Urine as a power source

Pee Power uses technology developed by scientists at the Bristol Bioenergy Centre (BBiC) to use urine as a power source for things such as lights and mobile phones. Pee Power is being installed at British music festival Glastonbury where there will be a 40-person Pee Power urinal. The technology uses a microbial fuel cell, the bacteria inside of which consume the urine and produce electrons in the process. These electrons are then sent through an electrical circuit where it can be used to power electronic devices. At the festival Pee Power will use the 1000 litres of urine produced per day to power 10 information panels.   

Japanese company creates several devices that can scavenge heat to make electricity 

Japanese company KELK plans to launch three thermoelectric energy harvesting products in June 2017. These are:

1) Thermoelectric EH*1 Device – this generates electricity by being placed on a heat-emitting machine. It uses the electricity to power its sensors and wireless module for on-site monitoring. 

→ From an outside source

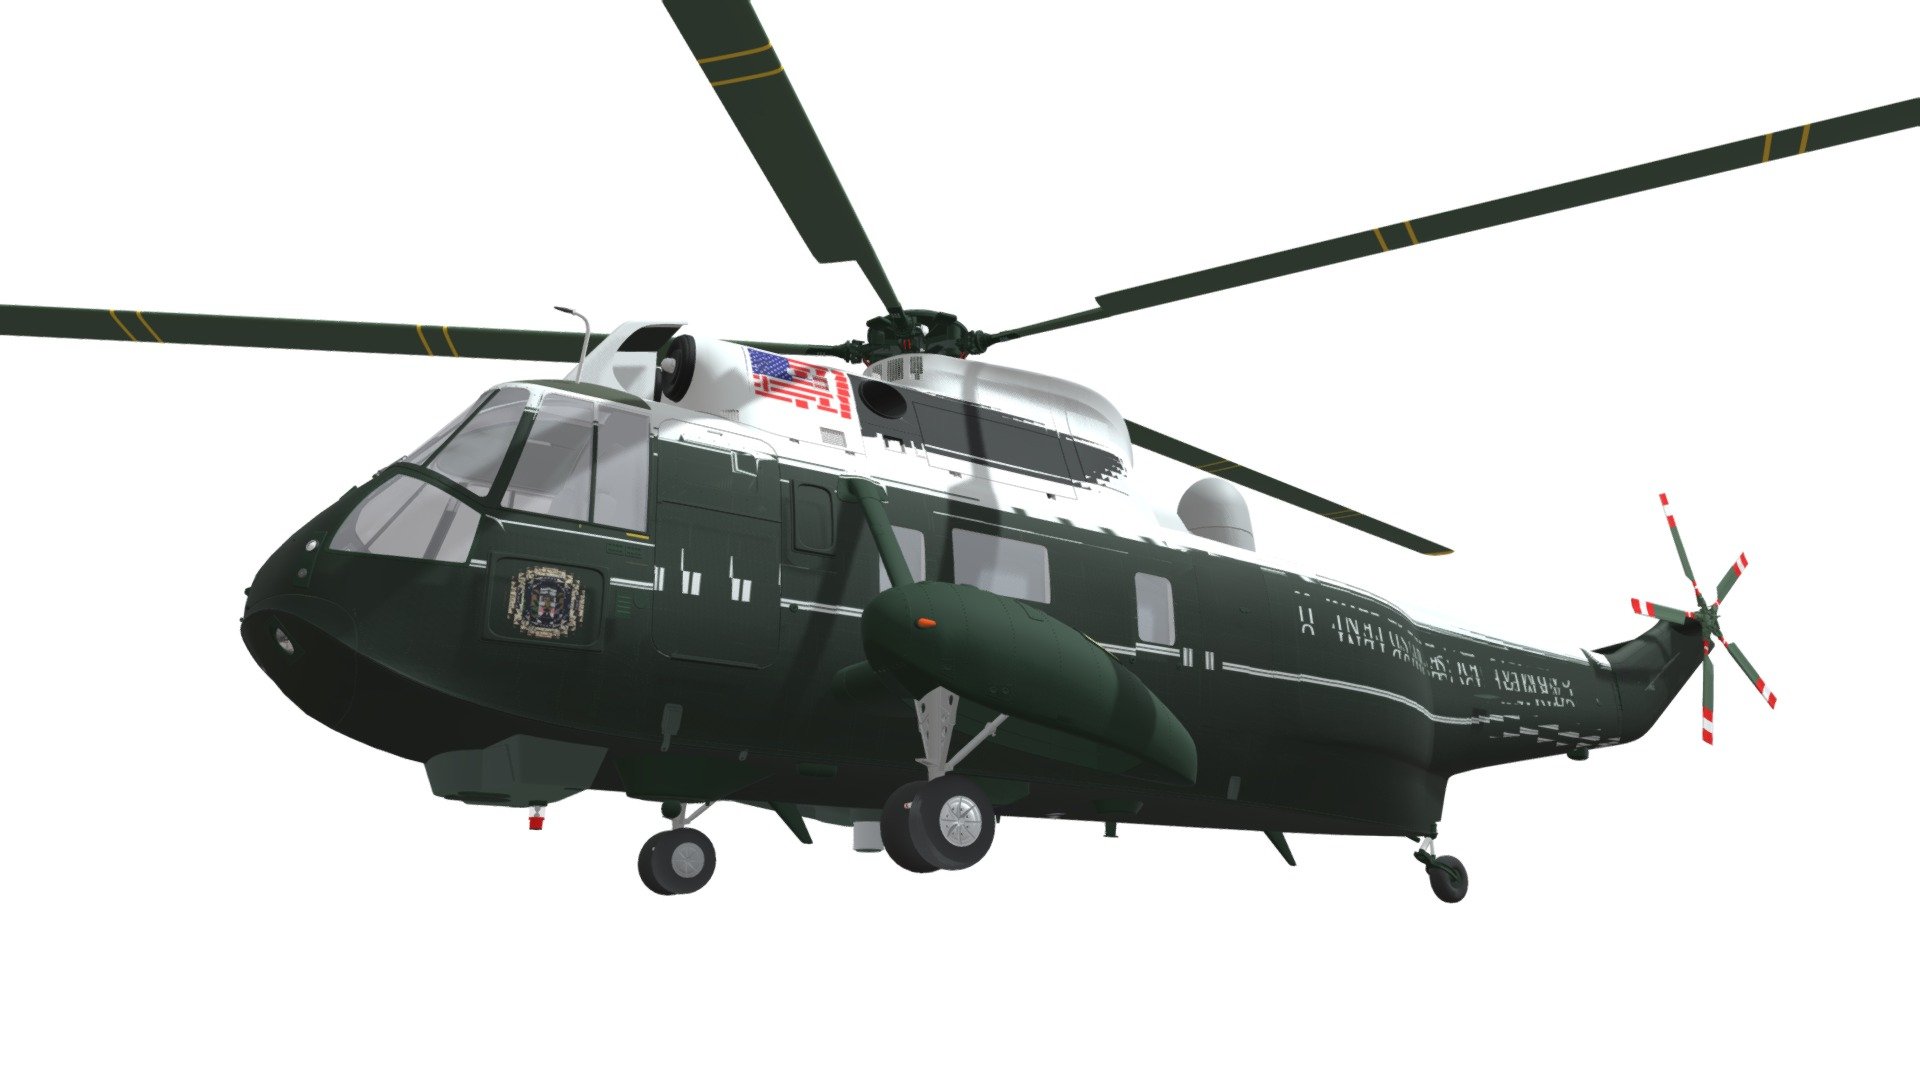 High quality 3d model of marine one helicopter 3d model
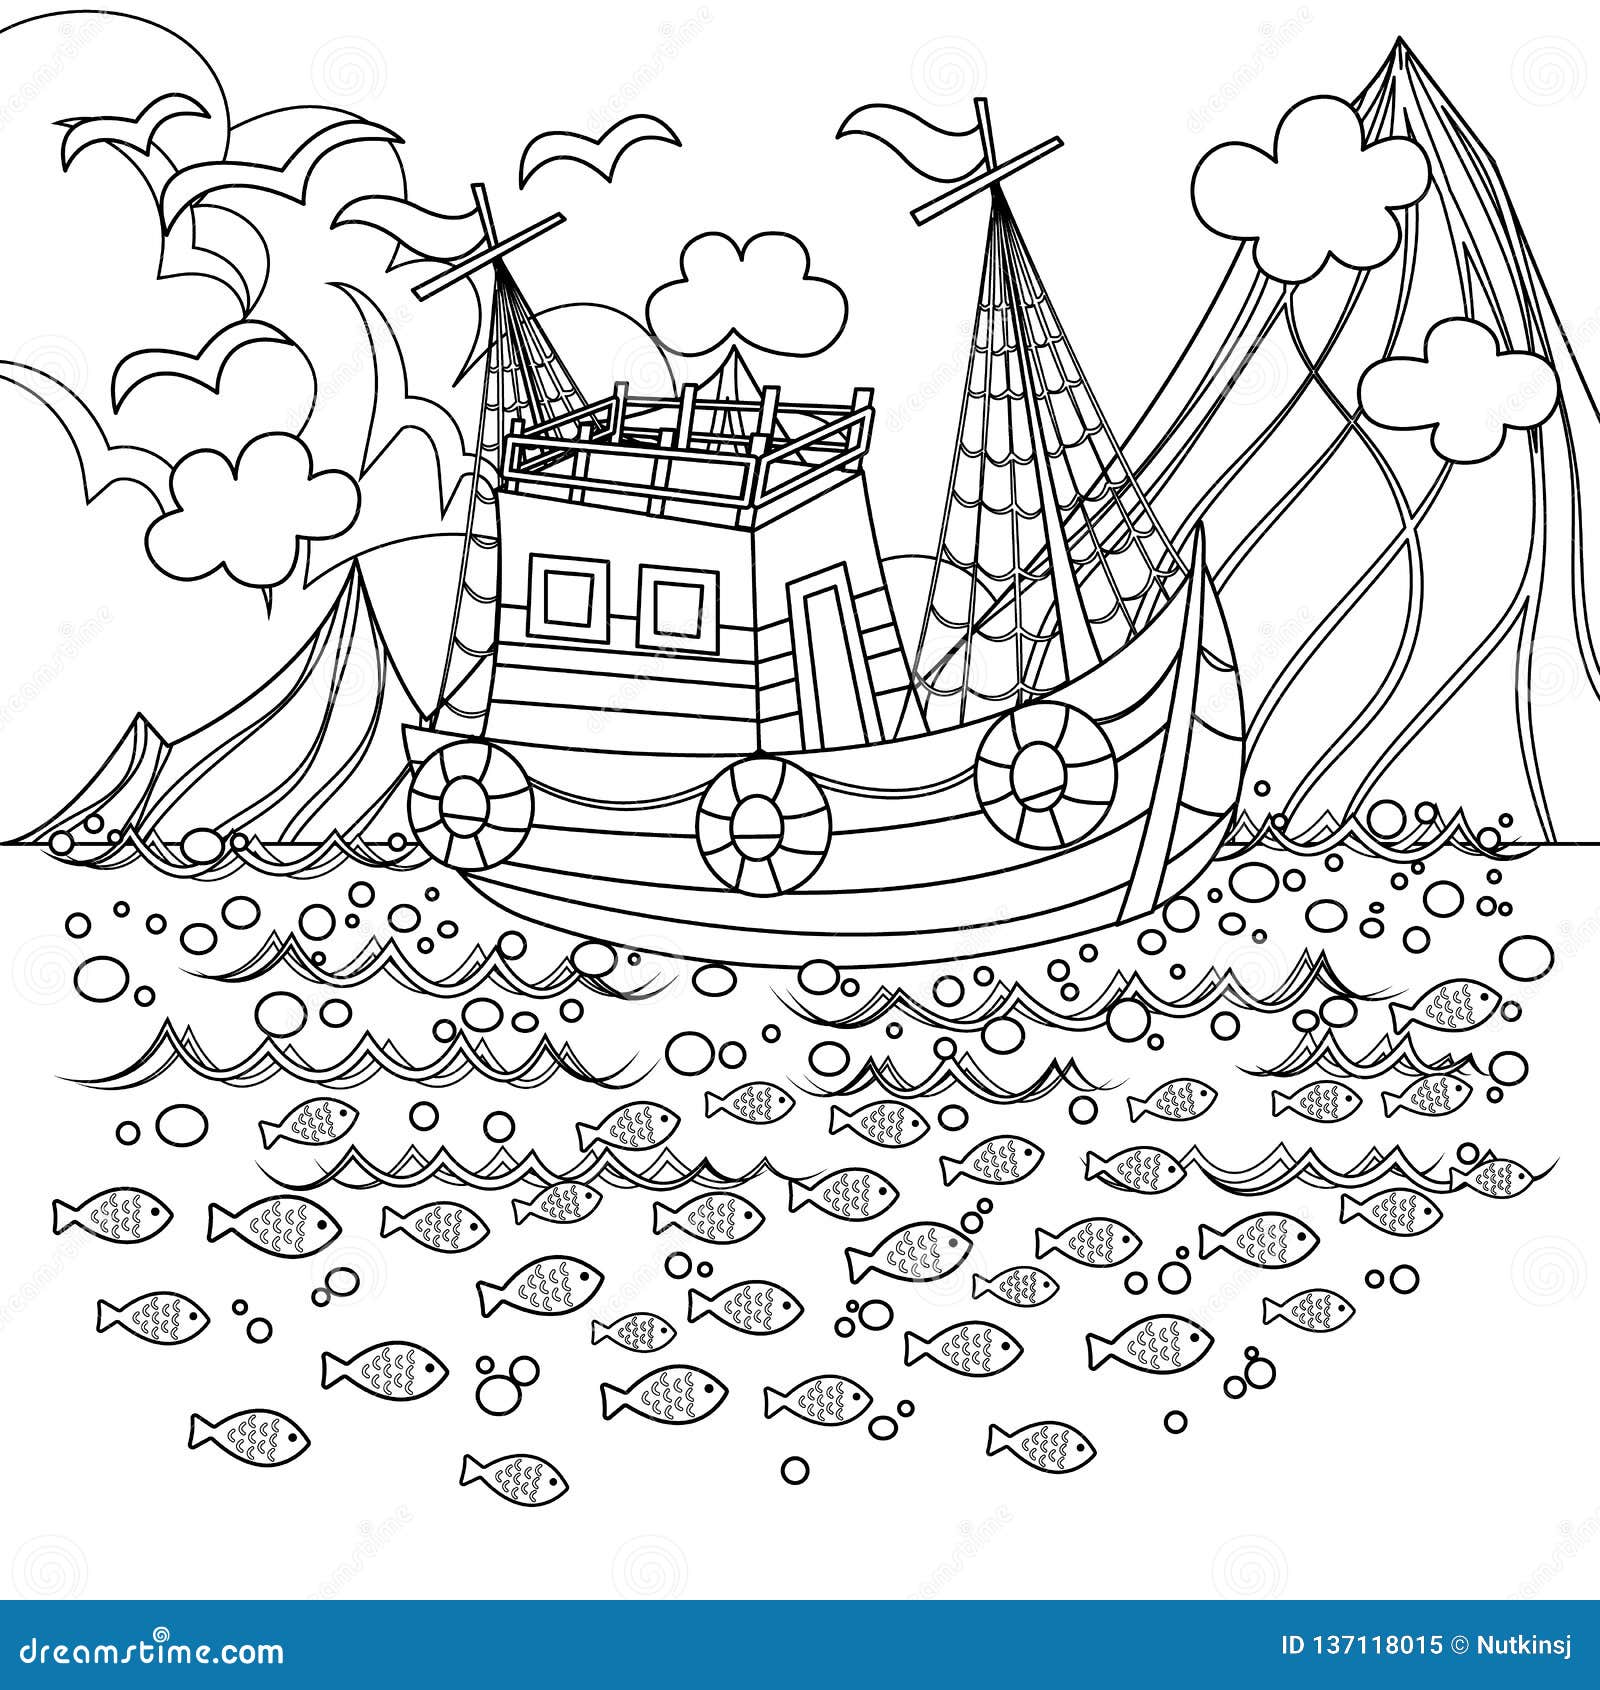 Ice fishing coloring page  Coloring pages, Fish drawings, Ice fishing

2) Stand-Alone Thermoelectric Generation Power Source Unit – this is capable of generating electricity from being placed near a camp fire or stove and can charge mobile devices.

3) Waste Heat Recovery Unit – recovers waste heat from industrial machine such as furnaces. 

Phone that uses ambient energy to power itself

Scientists at the University of Washington, USA, have developed a cellular phone that harvests ambient radio signals or energy from light to power itself. The battery-free cell phone is able to power itself with only a few microwatts of power, the scientists claim. To show its ability to transmit and receive audio a Skype call was made on the prototype – made of commercial, off the shelf components. To reduce the power needed to run the phone the scientists altered how the phone converts analogue signals into digital data. The battery-less phone converts vibrations in the microphone or speaker into standard analogue radio signals emitted by a cellular base station. The team plans to increase the phone’s operating range and add encryption to conversations.